A list of content packs will be available for users to select and downloaded in the Wikipedia Android app.
We need to determine an initial list of which content packs should be available for v1.
Initial List
Intial list of requested content packs is here:
https://docs.google.com/spreadsheets/d/1iz-eWiG5LpOCsEYzlrgkddn8Vf-BsC-ppul2MKke80M/edit?usp=sharing
*Note that languages will likely grow slightly before release.
Criteria for inclusion
- Building off existing ZIM collections or curation efforts
- Coverage over an initial set of priority languages. Language choices will come from 3 sources:
- New Readers target countries' primary language(s)
- Top 10 Wikipedia Android app countries' primary languages
- Languages under threat of censorship
- Coverage over a few sizes (esp. some at or under under 5GB)
Content
Because of the large number of variations for each package we're proposing we keep the content focused and simple, with 4 initial topics/themes:
- Medicine (same as Kiwix)
- Wikipedia 1.0 (same a Kiwix)
- Top 5000 articles in a language
- Top 50,000 articles in a language
Handling missing languages
For some combinations of topic+language no Kiwix collection or clean list of article URLs will exist (esp. Wikipedia 1.0). In those cases we'd like to pursue the proposal by Doc James to use the Wikidata identifier of items in the English version to find whatever content is available. That is, for each article in the English collection, determine if the article is available in the target language by using the Wikidata inter-language mapping. If the article exists in the target language, include it, if it doesn't, skip it.
Top N criteria
For "top N" collections we propose using the top N articles by pageviews in the 30 days prior to the generation of the collection.

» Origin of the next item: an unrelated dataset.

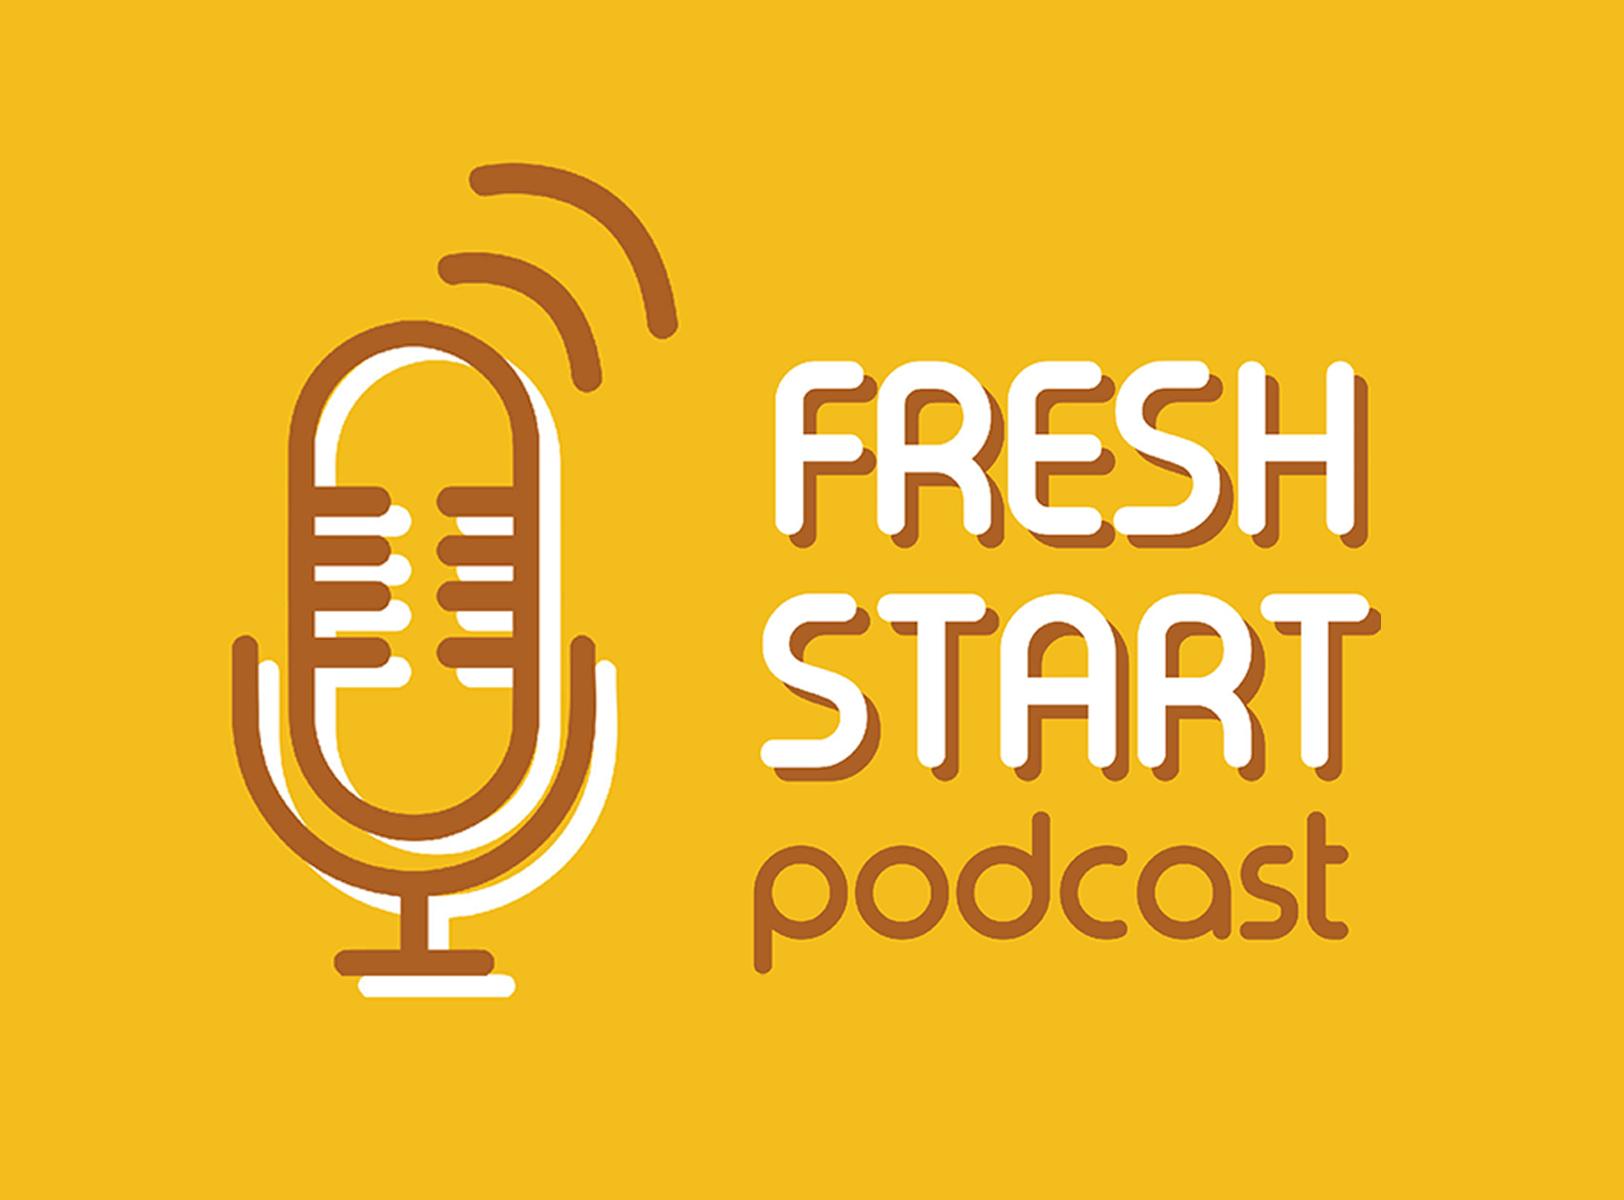 Fresh Start: Podcast News (6/21/2019 Fri.)

Variations for media assets
For each content set, in each language, we also need to have three variants (similar to existing no-vid, no-pics, all variants). For our purposes we propose 3 levels:
- All content, including any embedded audio, video or images ("Complete")
- All content excluding video or audio, but including images ("No Media")
- All content excluding video, audio or images ("No Images or Media")
Finalizing descriptions and names
Lastly, we're gonna have Communications weigh in on the final names and descriptions, but placeholders are included in the initial table.
These will need to be translated. Question for app team: can we do these translations through translate wiki or should we find another path.